# How to post pictures in your blogs or forums 101



## GaryK (Jun 25, 2007)

*How to post pictures in your blogs or forums 101*

I have been asked by a couple of people how I add pictures into my blogs so I thought that I would make a little blog on how I do it. This is what works for me and not the only way to do it.

First you have to have your pictures in your computer. You can download then from your camera or scan them with a scanner or whatever method you want.

I like to *resize the pictures in advance*. The maximum width picture that you can display in a blog is 640. I don't know what the limit for the height is. Anyway I use a *free* little program from Microsoft to resize my pictures. You can find it HERE. All the instructions on how to use it are there.

Then you need a place online to store your pictures. I use Photobucket, it's *FREE*. You can find it HERE.

Once you sign up, you can start uploading your pictures. The following are a series of pictures showing how I upload a picture.

First select "Albums and upload" from the drop down menu.
.
.








.
.
Here's another way to change the size of your pictures. Just do it before you select your files.
.
.








.
.
Then select "Choose Files" 
.
.








.
.
Find the file you want to upload on your computer, hightlight it and select "open".

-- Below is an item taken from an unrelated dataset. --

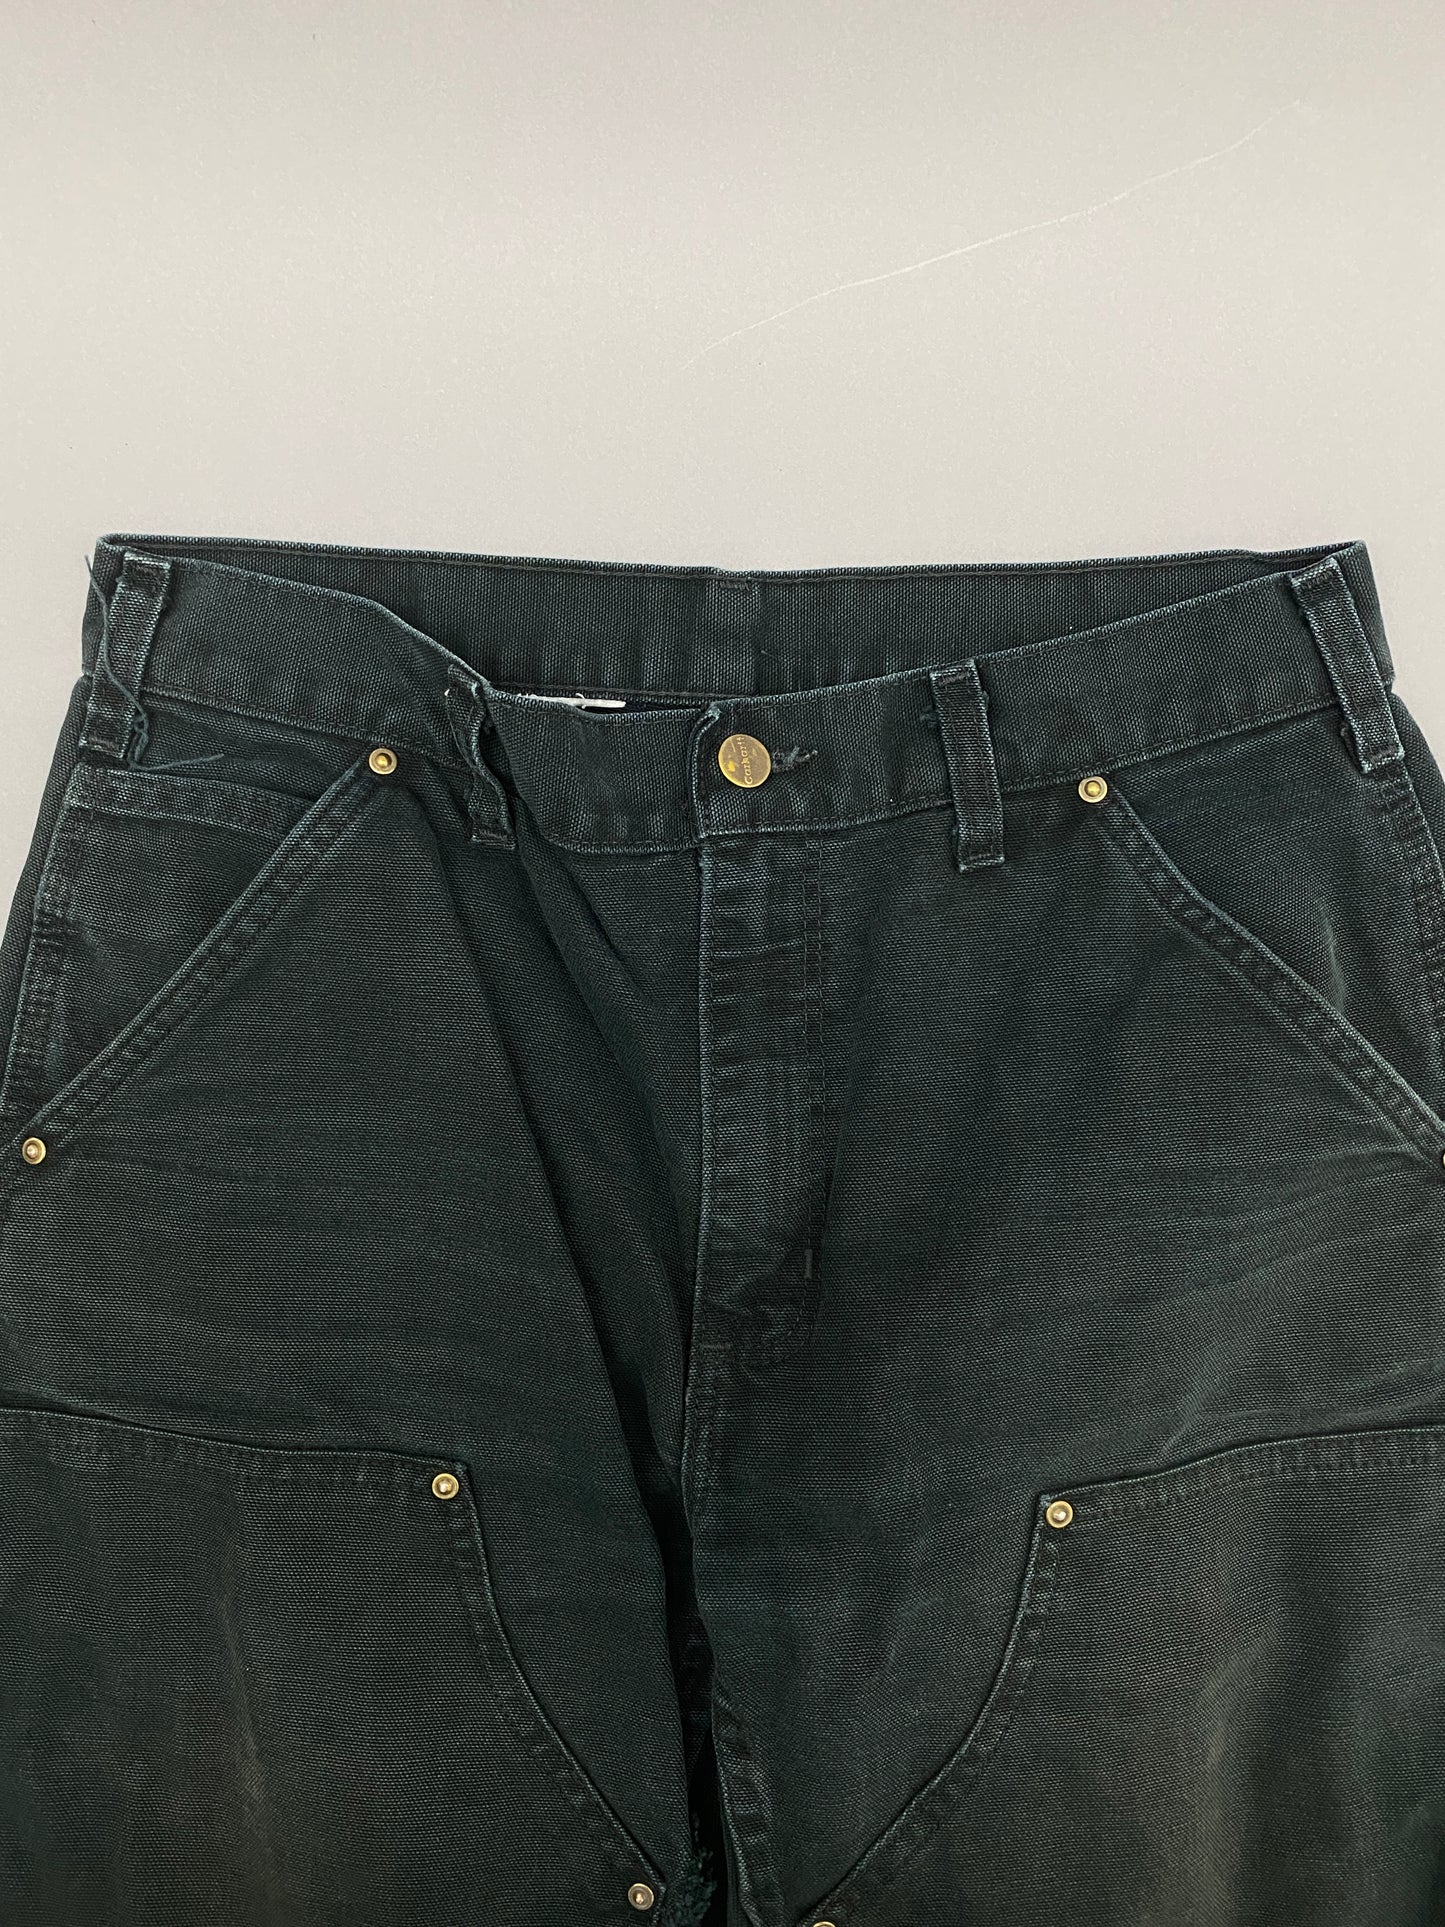 Double Knee Carhartt Jeans Vintage - 30 x 30

You can select as many files as you would like.
.
.








.
.
Then you will wait while it uploads.
.
.








.
.
Once it's done you can add a title and so on if you like. Then select "return to album" 
.
.








.
.
And there's the picture I uploaded.
.
.








.
.
The picture itself will have it's own pull down menu. Go to "Direct Link" and highlight the link and copy it. (right click and select "copy").

This is the link that you will paste into your blog.

.
.








.
.
Then go to Lumberjocks and start your blog like you normally would.

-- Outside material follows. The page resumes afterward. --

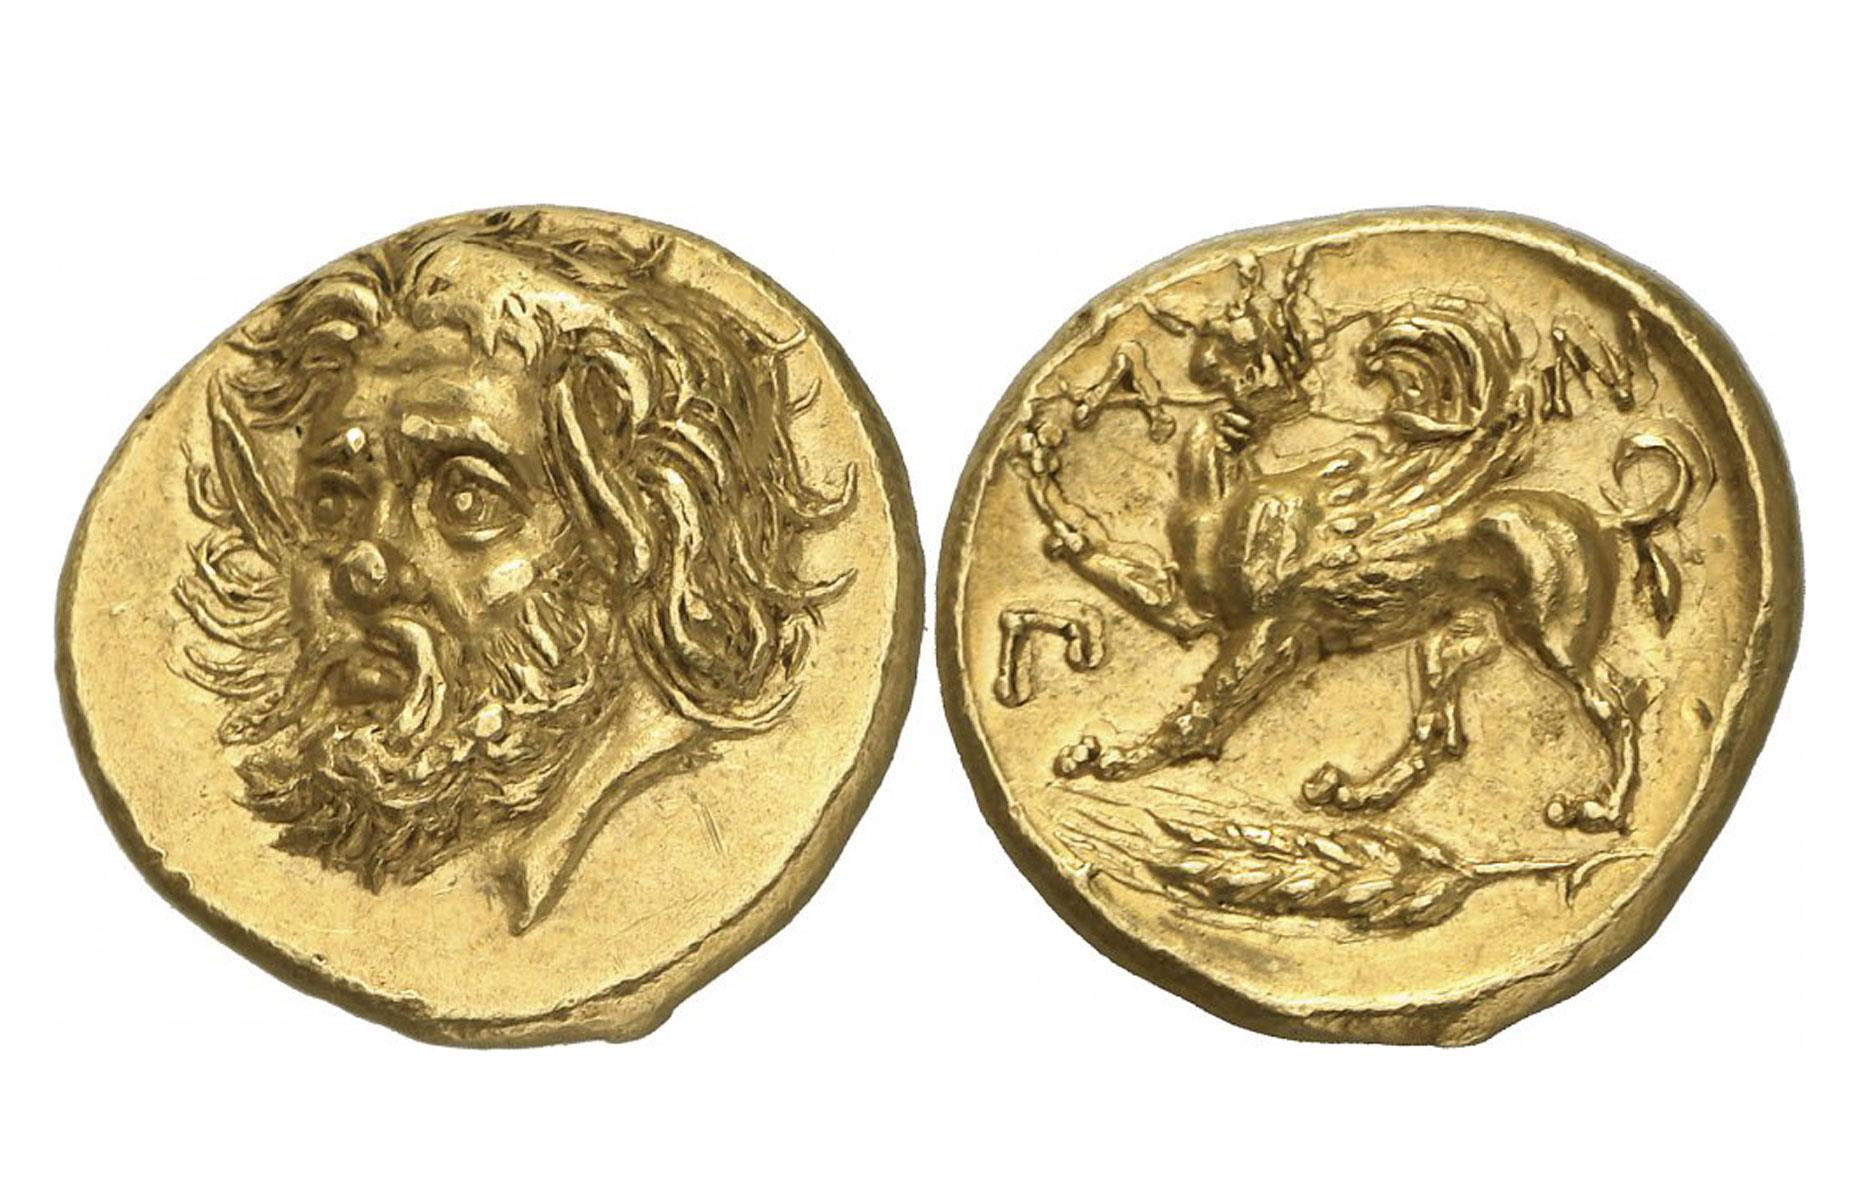 350-300 BC Pantikapaion Gold Stater, Ancient Greece: $3,802,500 (£3.1m)

Paste your picture link (right click, paste) into your blog.

To get your picture to display *you MUST put an exclamation point at the beginning and end of your link* with no spaces like the picture below.

I like to add a couple of periods to space my pictures and text. If I don't everything looks too crowded.

Then click "Preview" to see if it's correct.

.
.








.
.
If you still need to edit it some more select "Close Preview" and make your edits.

Post it when you are done.
.
.








.
.
If I have forgotten any thing, let me know and I will add it to this blog.

You might want to add this blog to your favorites so that you can point other people to it when they ask how you do it.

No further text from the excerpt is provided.